In re James W.
This text of 155 A.D.2d 381 (In re James W.) is published on Counsel Stack Legal Research, covering Appellate Division of the Supreme Court of the State of New York primary law. Counsel Stack provides free access to over 12 million legal documents including statutes, case law, regulations, and constitutions.
Opinion
— Order, Family Court, New York County (Mara Thorpe, J.), entered on or about January 25, 1988, which terminated appellant’s parental rights on the ground of mental illness and transferred the custody of the child to the Commissioner of Social Services of the City of New York and New York Foundling Hospital, unanimously reversed, on the law, without costs or disbursements, and the matter remanded for further proceedings.
At the fact-finding hearing Dr. Marcia Werchol, a psychiatrist with the Family Court Mental Health Services, testified, without having examined the mother, who had not been [382]*382available for the three scheduled appointments because she was hospitalized, that the appellant mother was schizophrenic. She also expressed the opinion that the mother was presently unable to care for the child and would not be able to do so in the foreseeable future. The doctor’s opinion was based solely on her review of the mother’s medical records. The court found, on the basis of Dr. Werchol’s testimony and its review of the various medical reports, that the mother suffered from a mental illness as defined in Social Services Law § 384-b (6).
Where termination of parental rights is based upon the alleged mental illness of a parent, Social Services Law § 384-b (6) (e) requires an examination of the parent by a psychiatrist.

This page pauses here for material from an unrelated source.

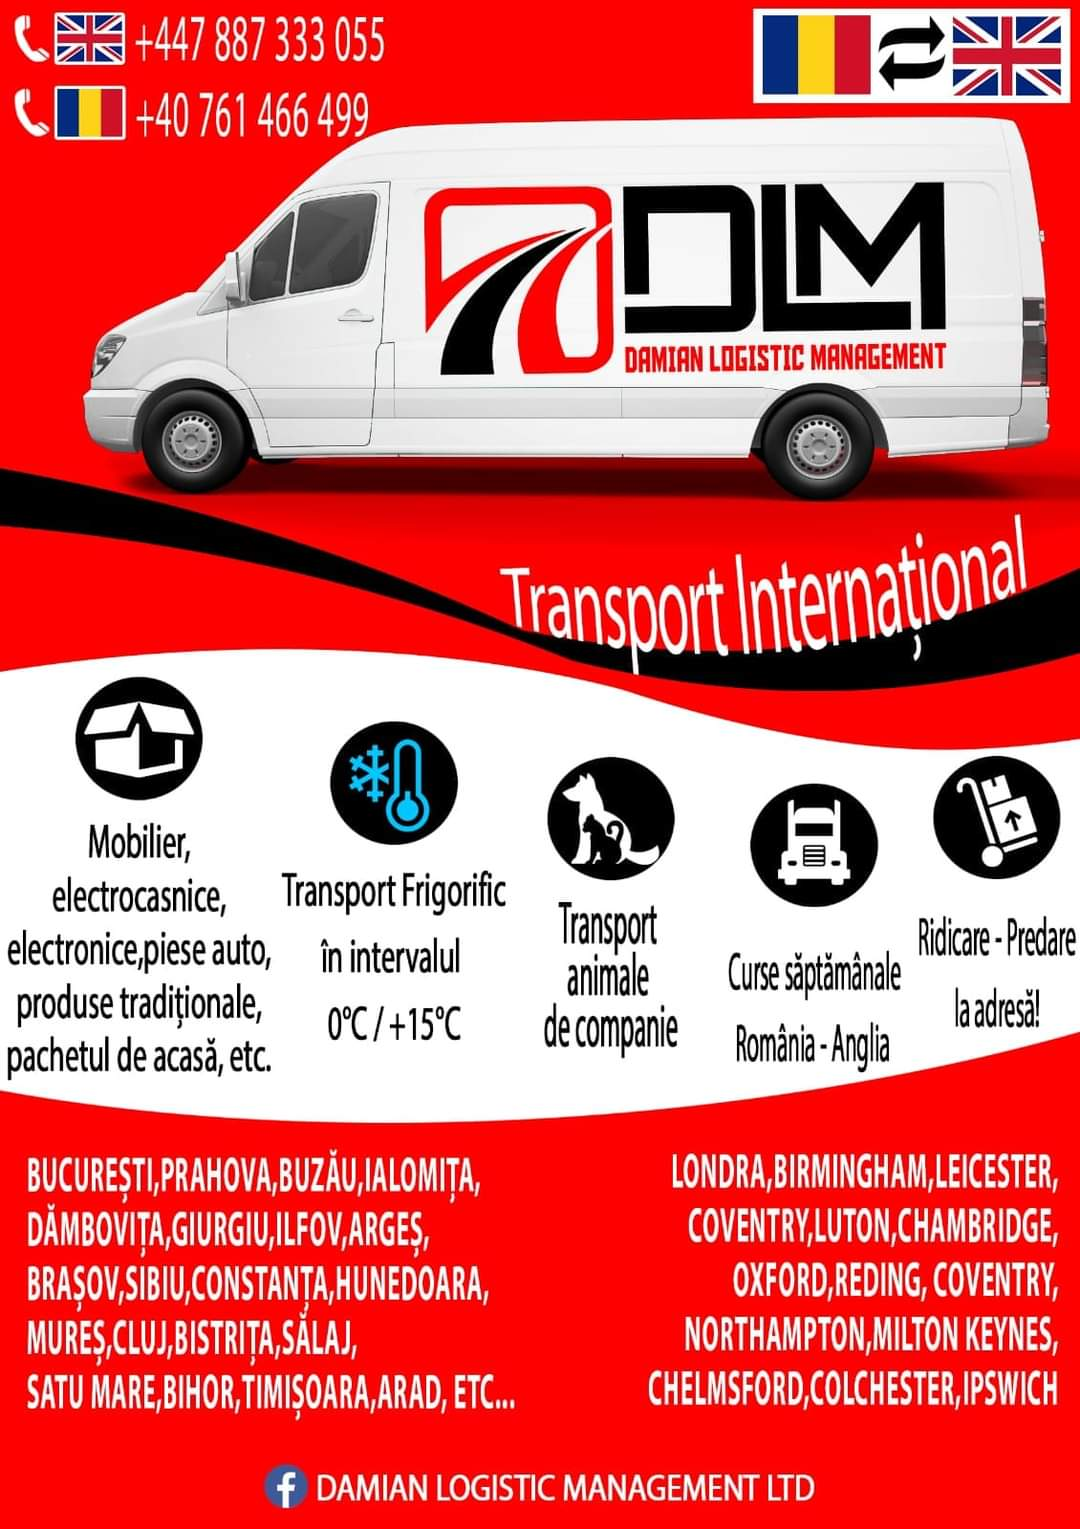 Transport international Romania Anglia‼️

The statute also expressly provides that the psychiatrist may not testify without an examination unless the parent refuses to submit to the examination or "renders himself unavailable * * * by departing from the state or by concealing himself therein”. Since the statutory mandate is clear and nothing in the record indicates that the mother refused to submit to the examination or rendered herself unavailable, the finding of mental illness cannot stand and the case must be remanded.
We also believe that it was improper for the court to proceed with the fact-finding and dispositional hearings without the mother’s presence, even though her attorney and guardian ad litem had no objection. The mother was apparently hospitalized at the time. In the circumstances, further inquiry and investigation as to the mother’s future availability was required before the court undertook to proceed in her absence. Accordingly, we reverse and remand for further proceedings. Concur — Murphy, P. J., Sullivan, Kassal, Wallach and Smith, JJ.